Download PDF |     Share     - +    

The objective, Dyke says, is to overlay the corporation’s identity with the notion of having fun. In other words, pulling consumers to the brand, rather than pushing them to buy a particular product. “Through the social media, we’re starting the conversation about what is going to the max,” she says. “The specific events were all about getting your friends together and rolling down a hill in a giant plastic sphere. This is part of a long-term strategy. We’re hoping to do this year after year.”

ALC deployed a similar tactic in its $1.1-million sponsorship of the Charlottetown Canada Games in August. It sent a team from its public affairs department to cover the event as “citizen reporters”. Says Dyke: “They blogged and twittered and took photos to post online. Initially, we thought maybe only our gang at the company would follow all of this. But we wound up with more than 200 followers on Twitter during that two-week period. By the time it was over, we had registered between 5,000 and 6,000 hits on our blog.” It’s too soon to declare unequivocal success, but the overall strategy seems to be gaining traction. For one thing, ALC’s Facebook page shows dozens of sturdy new fans. “You have to remember that this is an audience that doesn’t want to be sold,” Dyke says. “And we’ve learned a few things. You can’t overdose people. You can only put so many tweets out there before you get blocked. We’re trying to start a momentum – a groundswell – and let people catch on and share it with friends.”

In fact, nothing reveals the inherent flexibility of social media marketing better than its tendency to light fires under specific, clearly articulated ideas. Lori Cox is the president of Halifax-based Sconestone.com, a networking site and non-profit organization that promotes humanitarianism around the world. “Sculpted by Nova Scotia artist Warren MacLeod, the Sconestone, itself, is travelling the world on a journey of kindness,” she says. “It is designed to be an inspiration to all who touch it, to make the world a better place.”

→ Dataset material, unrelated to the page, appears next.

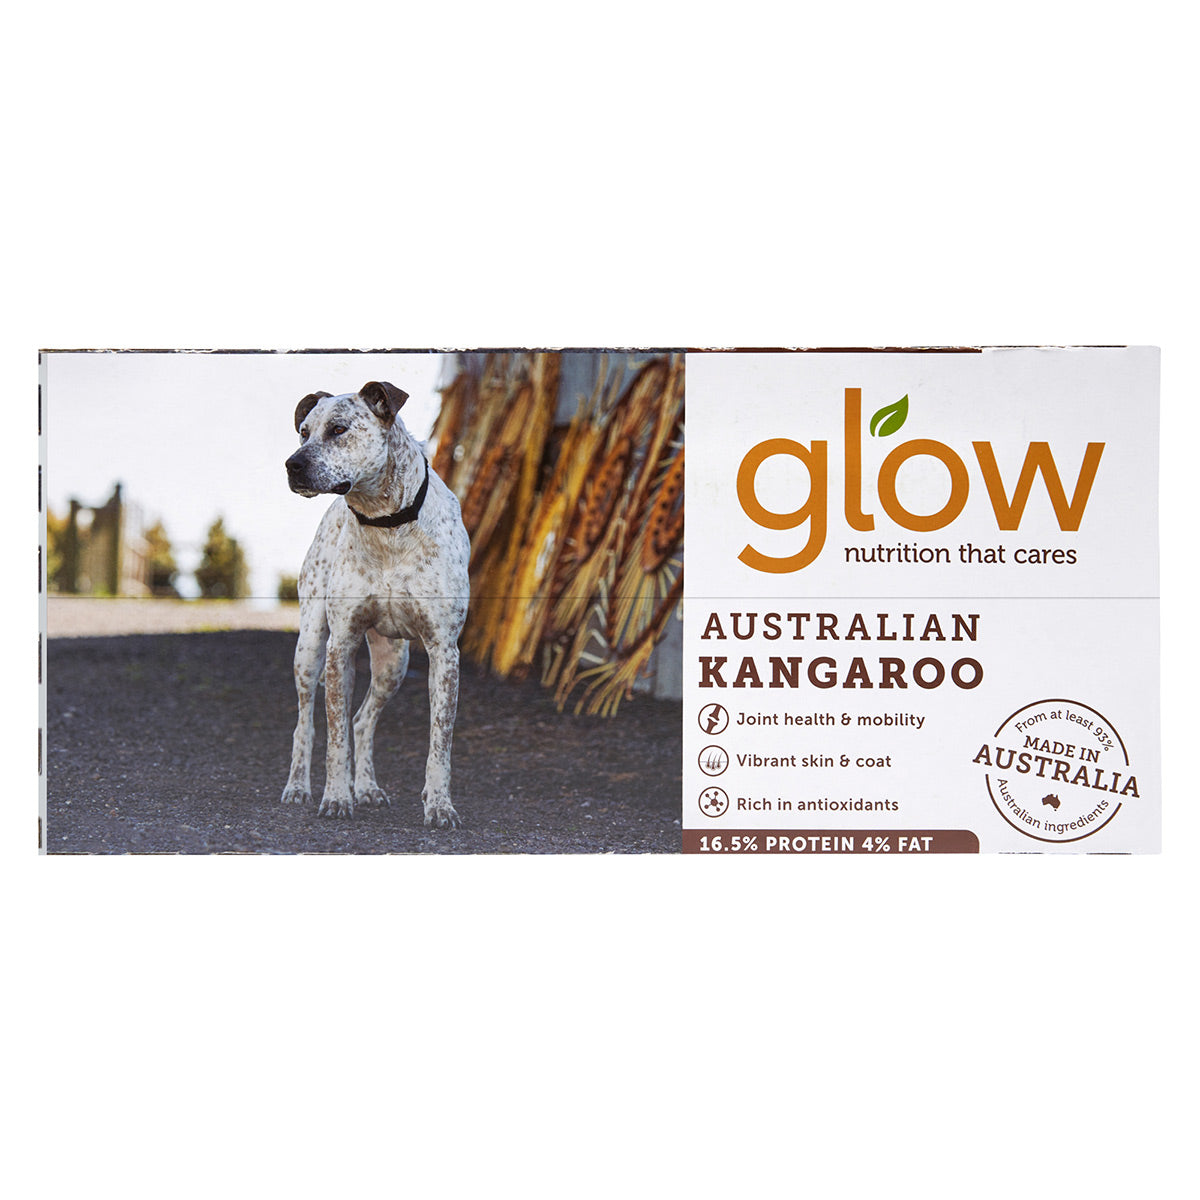 Glow Adult Australian Kangaroo Raw Dog Food 2.72kg

The website is the virtual meeting place that both tracks the stone’s progress and provides an online forum for people to share their experiences and report their random acts of “pay-itforward” kindness. “Right now, the global community is starting to come together around this,” Cox says. “We have visitors from all over the United Kingdom, Canada, New Zealand and the United States…. Social media has 100 per cent facilitated this campaign. The challenge now is that we’re growing faster than we were prepared.”

Indeed, since the campaign’s launch last April, the website has been averaging between 30,000 and 60,000 views a month, and Sconestone’s Facebook page has welcomed more than 200 friends.

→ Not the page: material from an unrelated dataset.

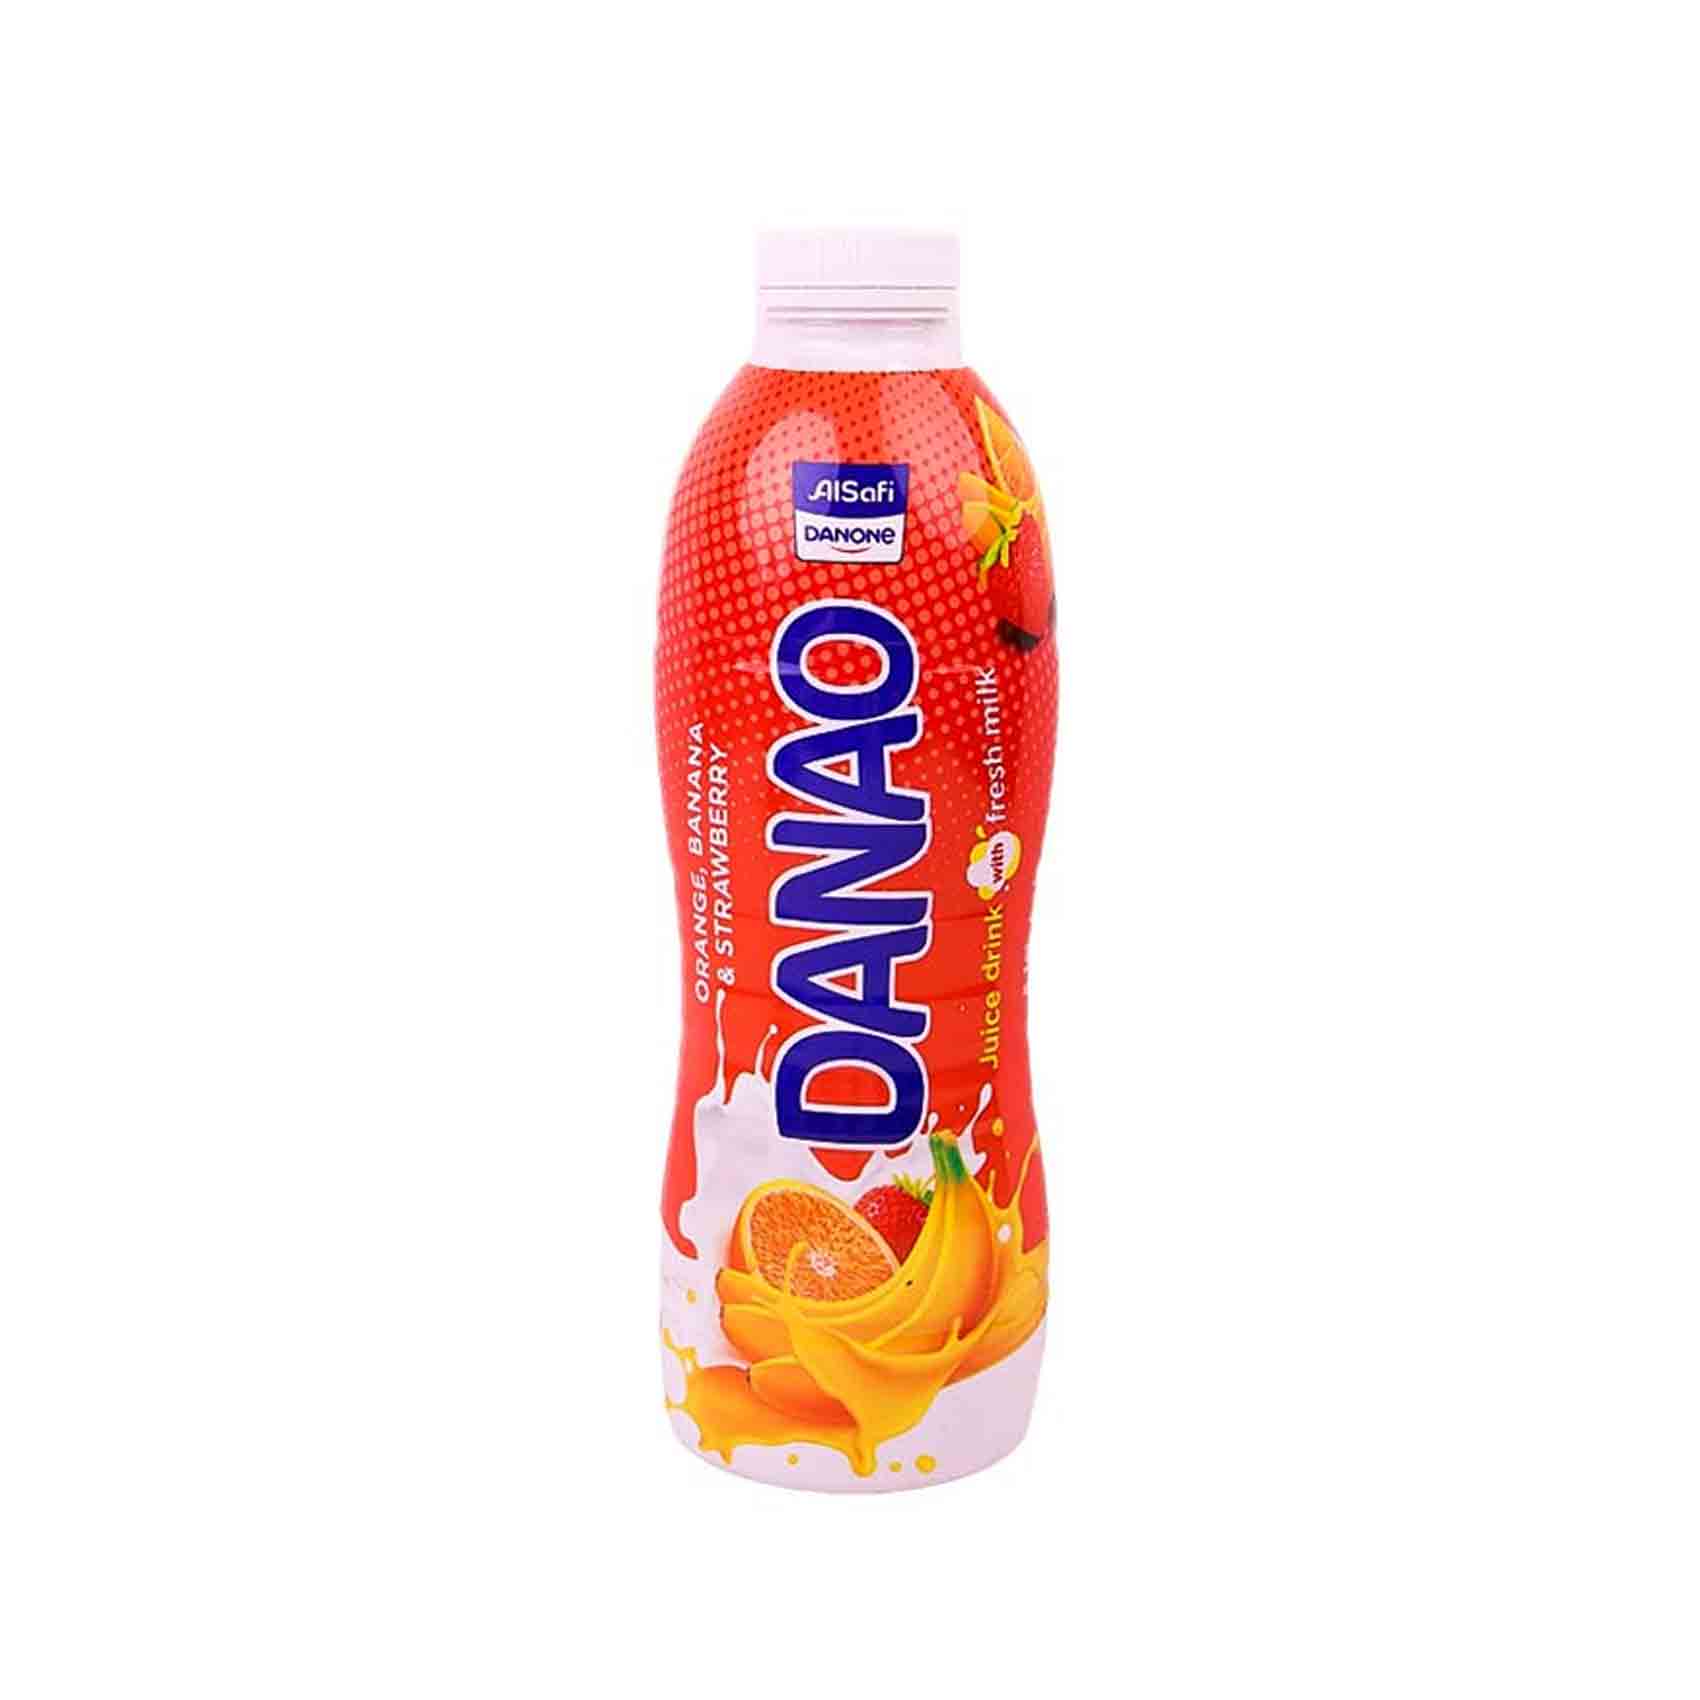 Danao Juice Milk Drink Orange And Banana And Strawberry Flavor 900 Ml

OBSERVERS POINT OUT that one of the biggest difficulties in ascertaining the commercial value of social media marketing is the youthfulness of the very platforms on which it depends.MySpace launched in 2003. Facebook, founded by a gaggle of roommates at Harvard and whose name derives from the sobriquet given to orientation publications that university administrations distribute to students at the start of the academic year, took its first breath in 2004. Twitter, established in 2006, is a squalling infant. And every year, more sites dramatically appear, seemingly out of thin air.

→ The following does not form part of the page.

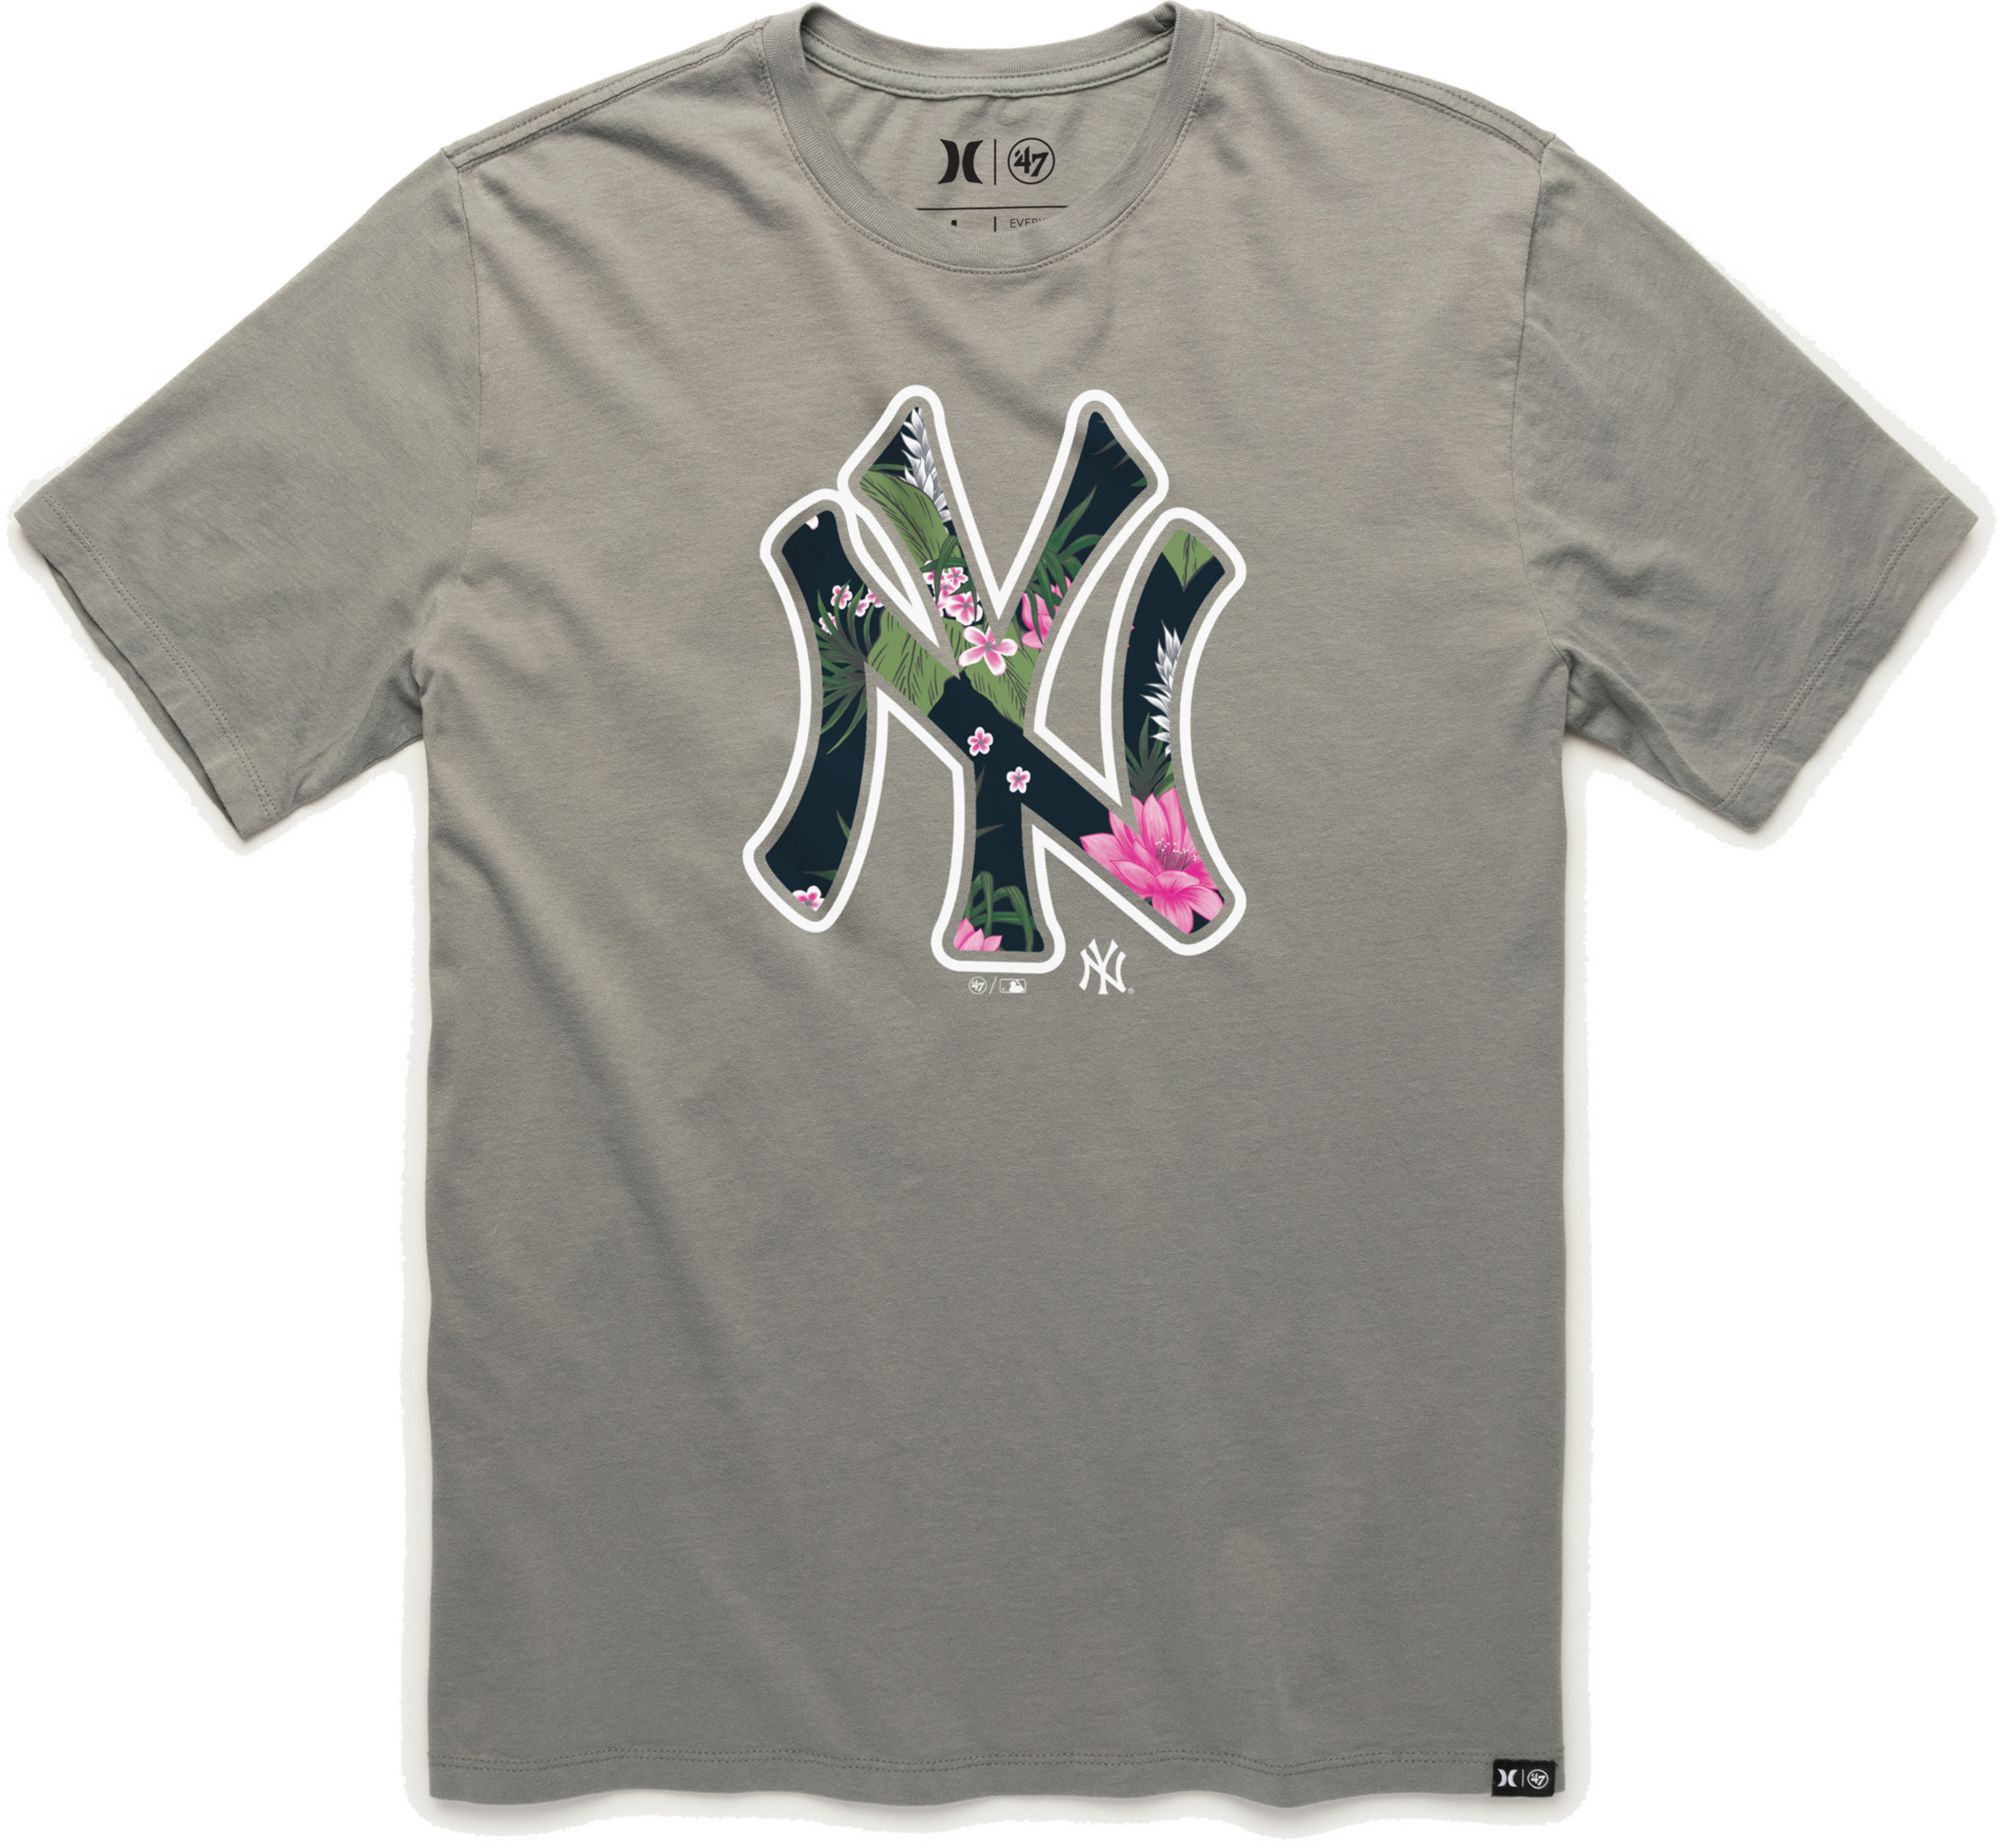 Nike Dri-FIT Icon Legend (MLB Oakland Athletics) Men's T-Shirt

All of which explains why many businesses remain suspicious, even fearful, of social media. There’s been no time to truly understand it. And what can’t be understood can’t be controlled. After all, it’s one thing to fail in the real world where ads can be pulled and damage control is ably assisted by the rubric ‘out of sight, out of mind.’ It’s quite another to bomb online where fixing mistakes is a little like removing urine from a swimming pool.

It tends to explain why traditional advertising agencies and marketing communications firms, which are struggling to augment their own capabilities as they gingerly escort their clients up the eversteepening learning curve, are reticent to reveal much in the way of numbers, particularly revenue generated for themselves or their clients through social media. Recent clues suggest that all may not be entirely well for at least some of Atlantic Canada’s leading men and women.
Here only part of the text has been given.